#### Work instructions:
Leave out the pictures and restate exactly, and only, the lines from the one that contains "African-talent-hub" through the final line of the material below.

#### The data:
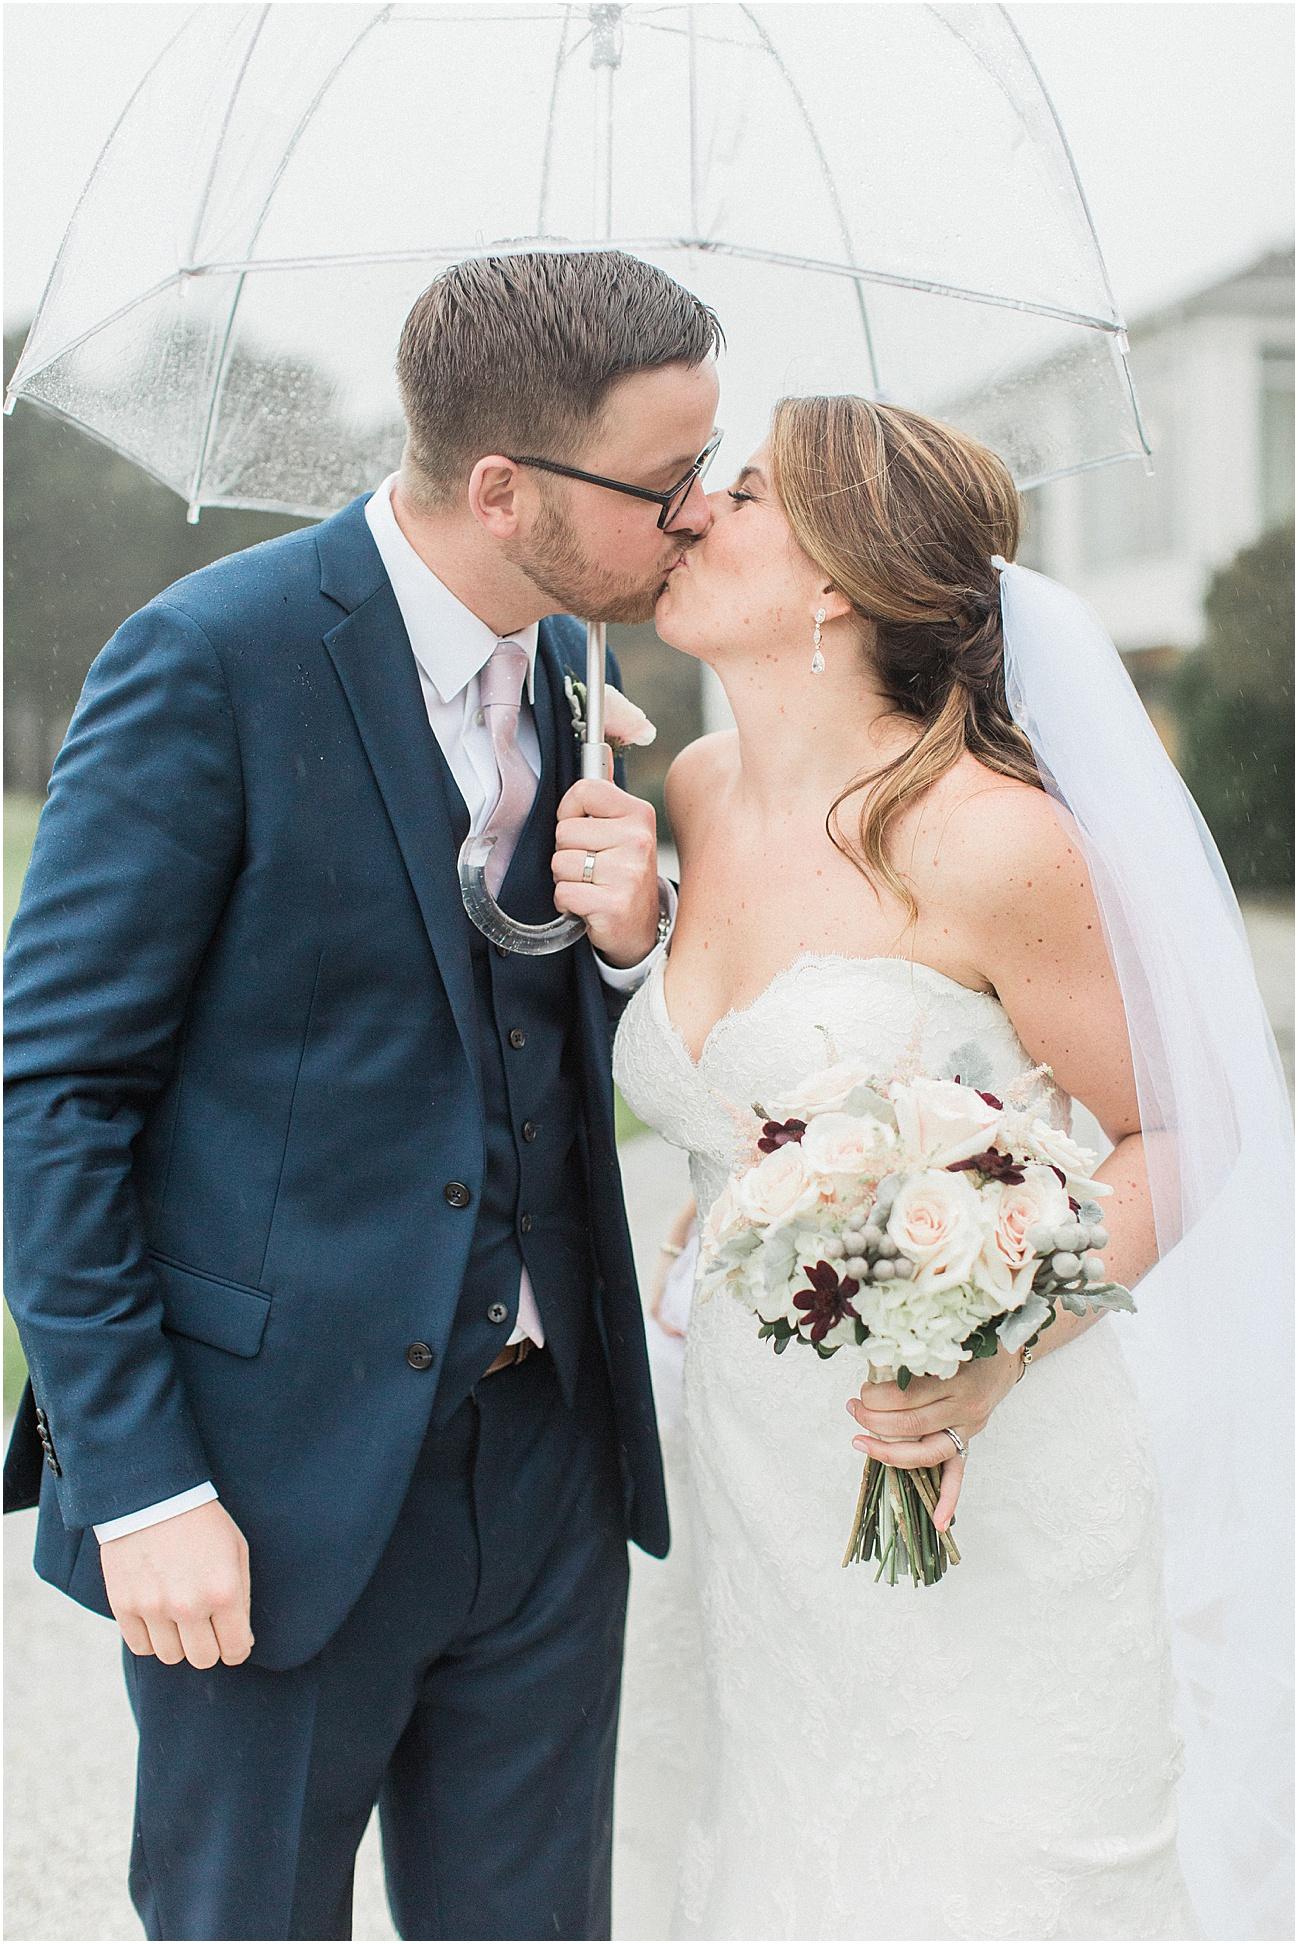 danielle_sean_willowbend_rain_rainy_day_cape_cod_boston_wedding_photographer_meredith_jane_photography_photo_1694.jpg
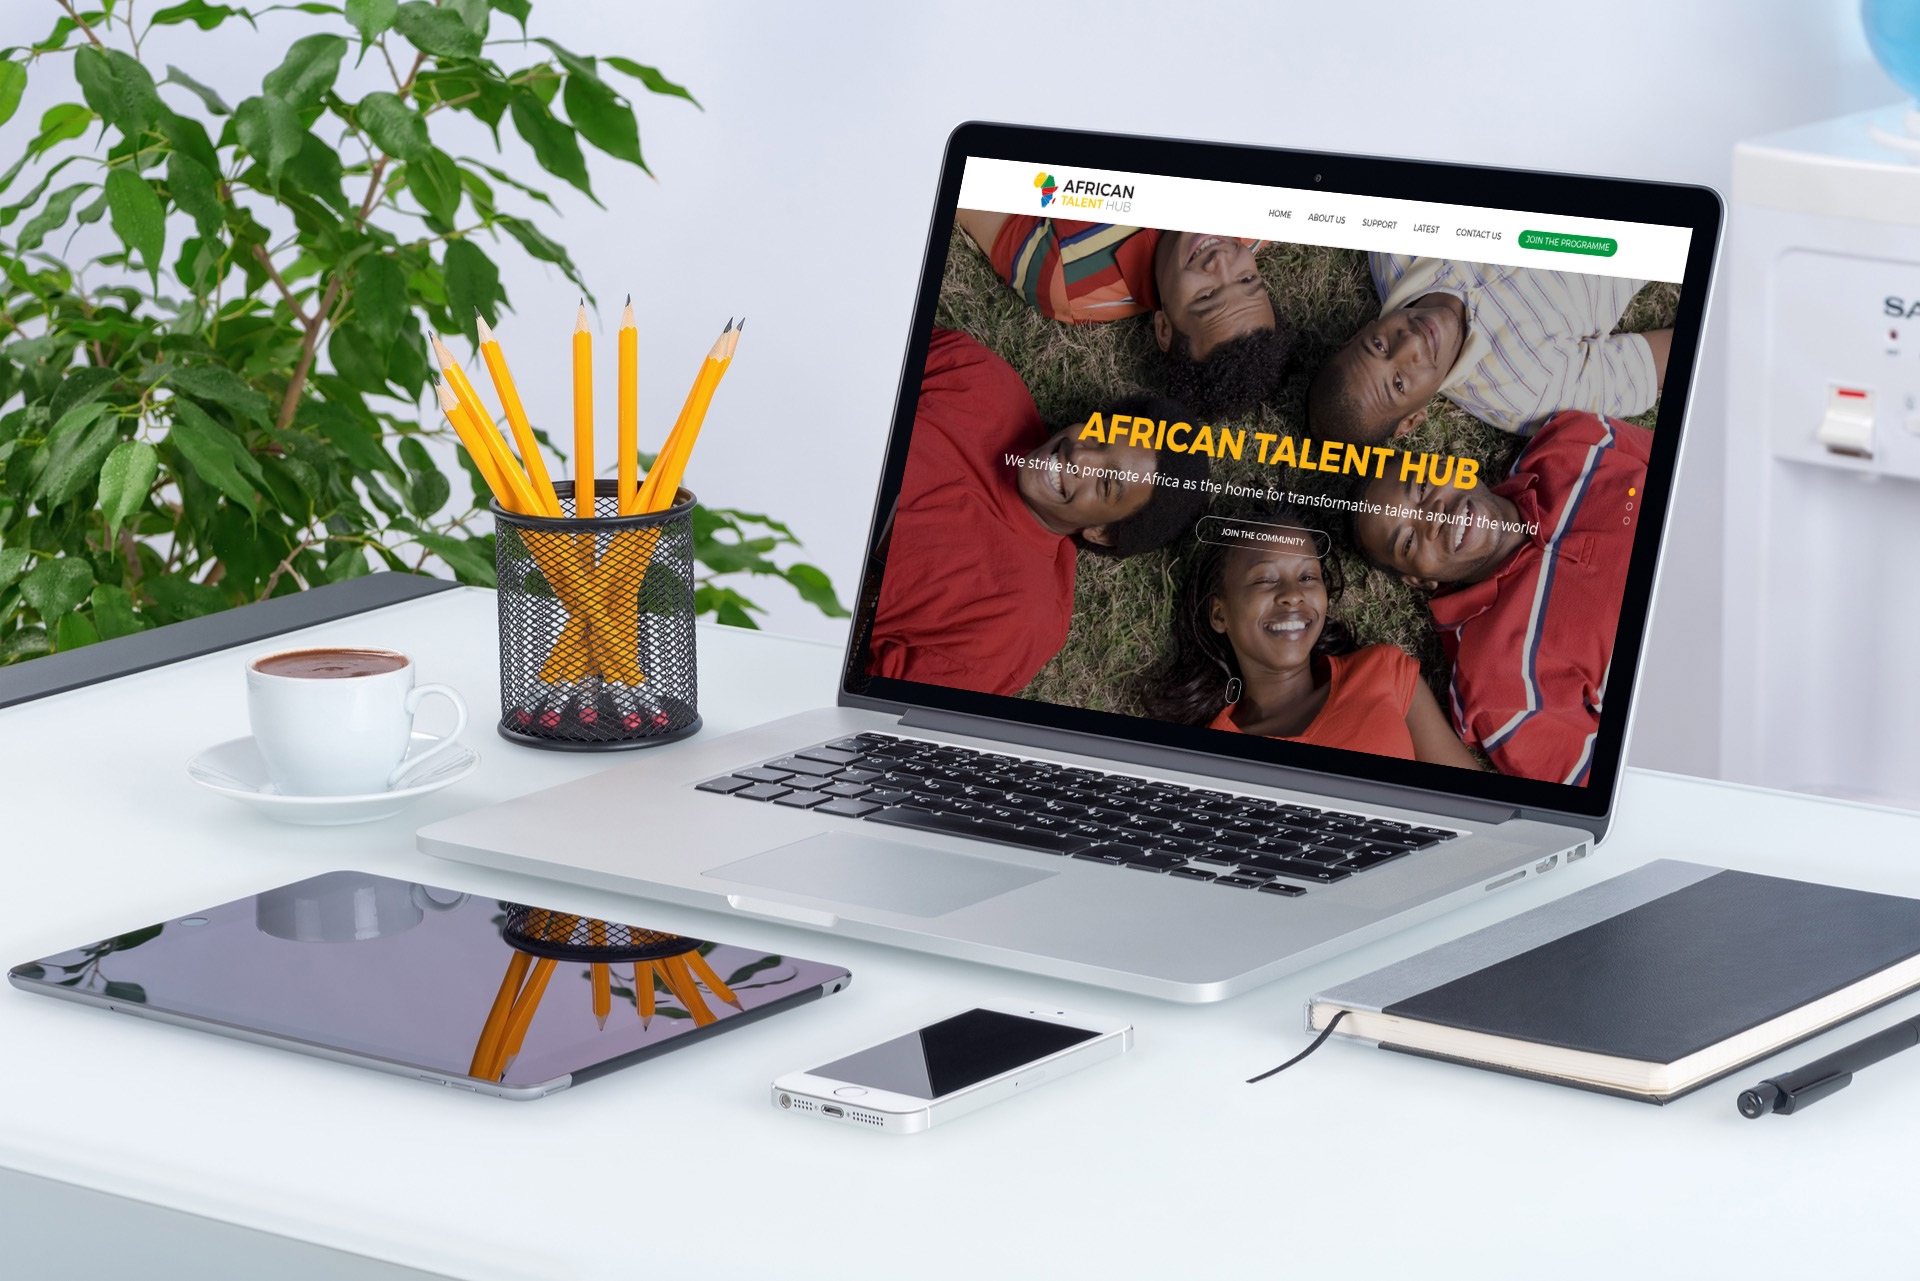 African-talent-hub
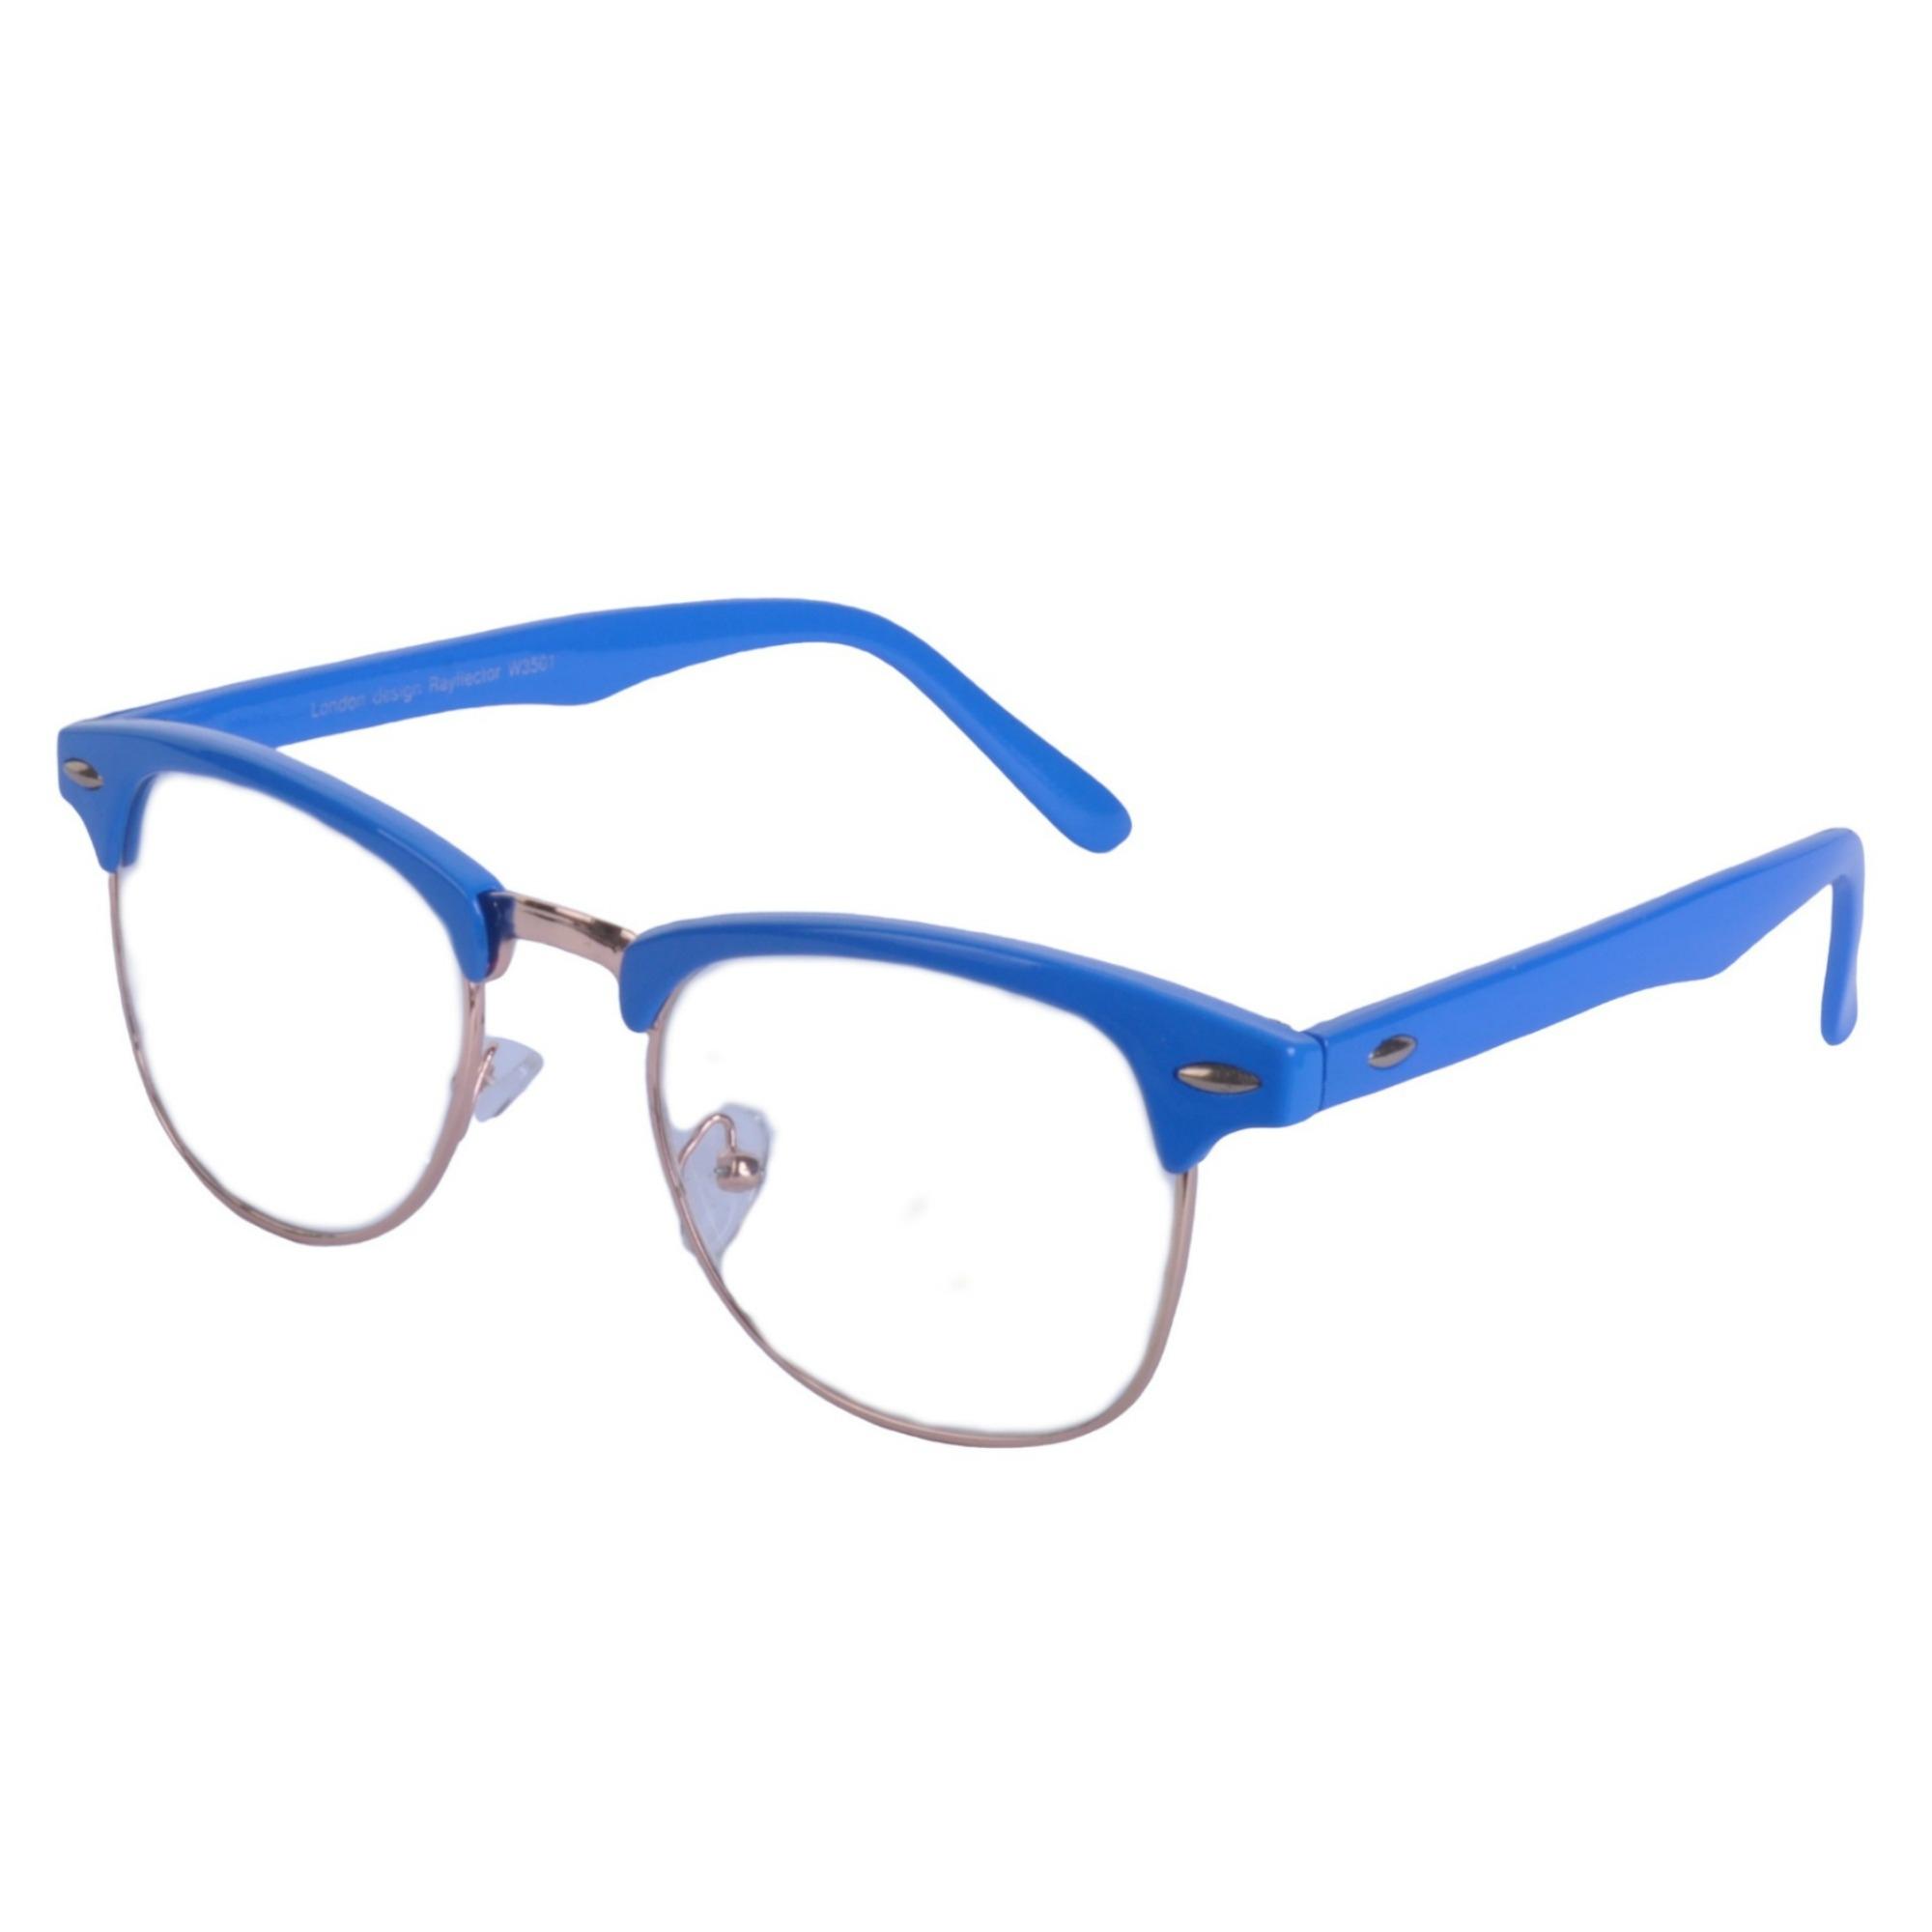 Vintage-Lente-Transparente-Cejas-Barra-Gafas-Gafas-de-Sol-Hron-Borde-Negro miniatura 9

#### Response area:
 African-talent-hub
 Vintage-Lente-Transparente-Cejas-Barra-Gafas-Gafas-de-Sol-Hron-Borde-Negro miniatura 9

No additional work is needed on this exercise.